Currently, Nigeria leads the way when it comes to the volumes of online shoppers at 89%, SA comes in second at 70%, and Kenya in third at 60%.
Within these numbers, around one third of Nigerians are using South African online retailers and spending their cash across the borders, says the study.
From a regional perspective, these statistics highlight one very important fact - opportunity, says Ipsos.

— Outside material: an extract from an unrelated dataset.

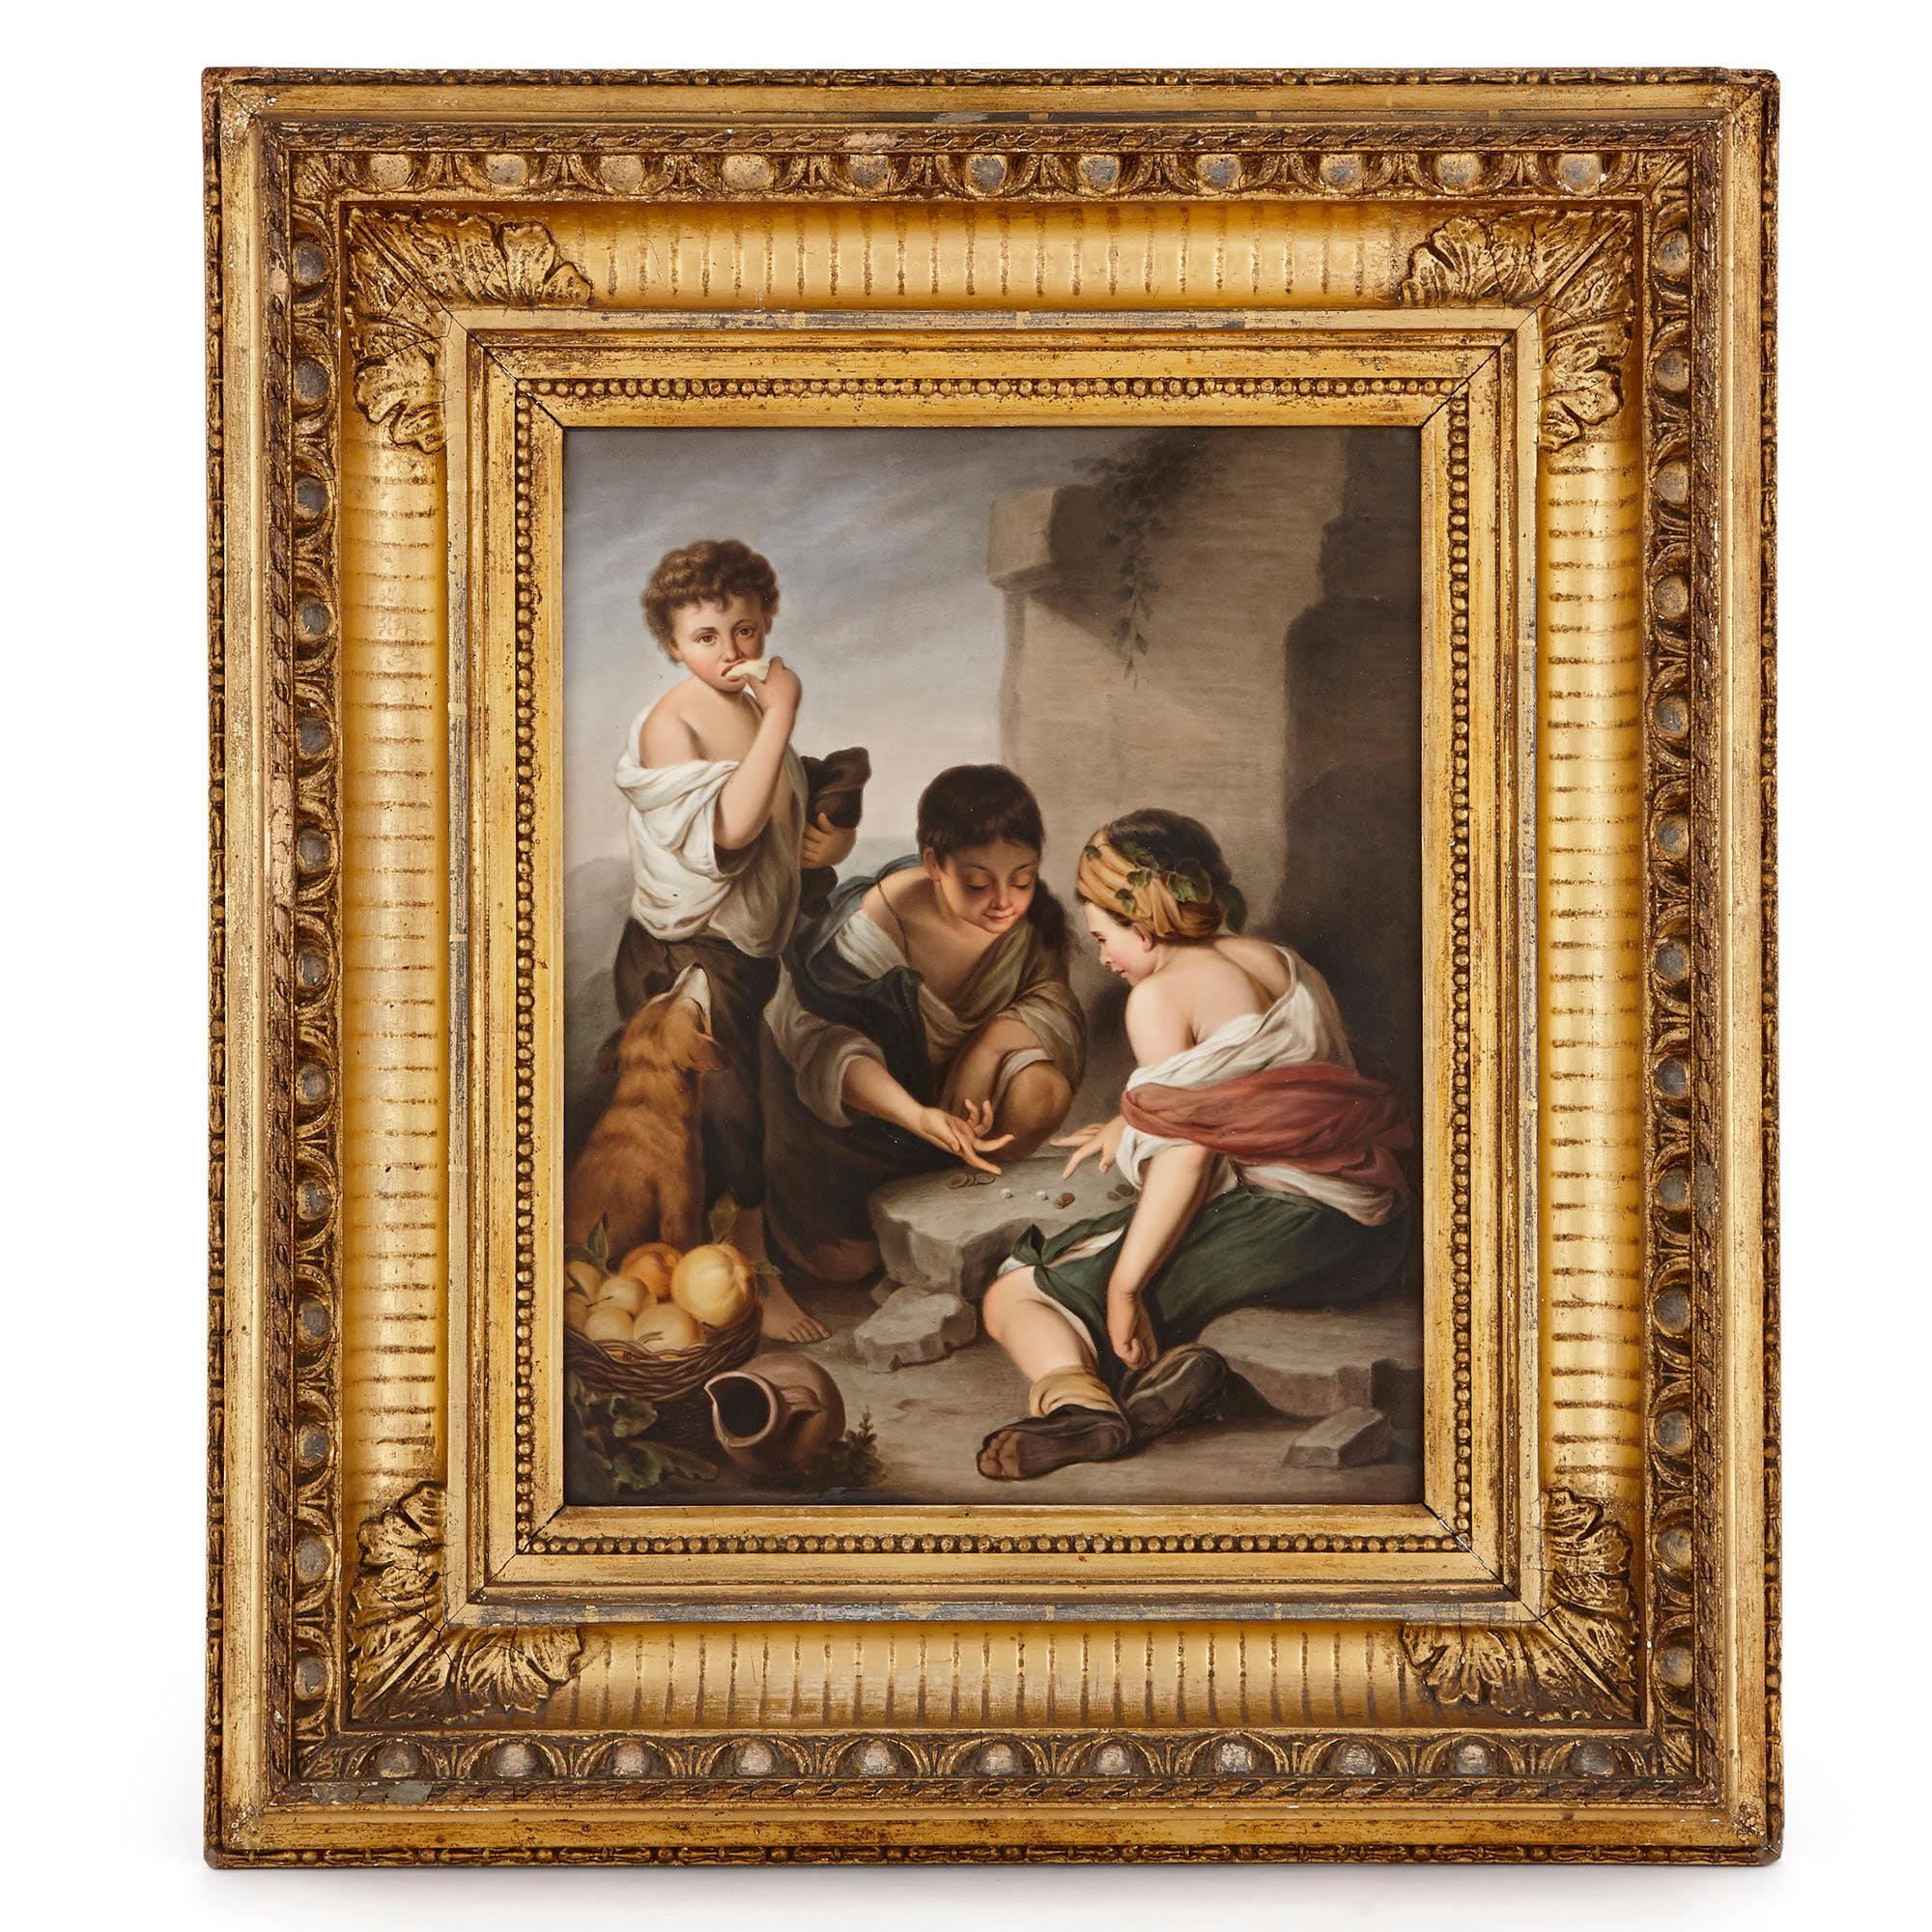 Diese traumhaften Porzellantafeln wurden um 1860 von der renommierten Königlichen Porzellan Manufaktur (KPM) hergestellt (gegründet 1763). Die Tafeln zeigen wunderschöne Gemälde, die auf Werken des berühmten Barockmalers Bartolome Esteban Murillo

The online retail market has a chance to tap into these trends and to deliver both products and services that map back to market demand, it adds.
As mobile devices deepen their penetration and mobile wallets and payment solutions continue to evolve, consumers across the continent will have an increasingly secure and reliable way of finding the best deals no matter where they may be, notes Ipsos.
Nic Robertson, head of strategy at Media24 e-commerce, says in Africa any brand that sells online has to have a mobile site.
Also, a lot of brands are not targeting countries but cities - generally cities are more urbanised, connected and have more people with disposable income, he adds.
There has been a positive e-commerce trade balance for SA with Botswana, Lesotho, Namibia and Swaziland.
However, lack of infrastructure and lack of connectivity infrastructure continue to be big issues that can hamper growth on the continent, says Robertson.
A growing consumer class in Africa continues to spell opportunities e-commerce, he adds.
"Although the numbers of intra-African e-commerce market is still fragmented - there is big opportunity for brands that are willing to invest in infrastructure."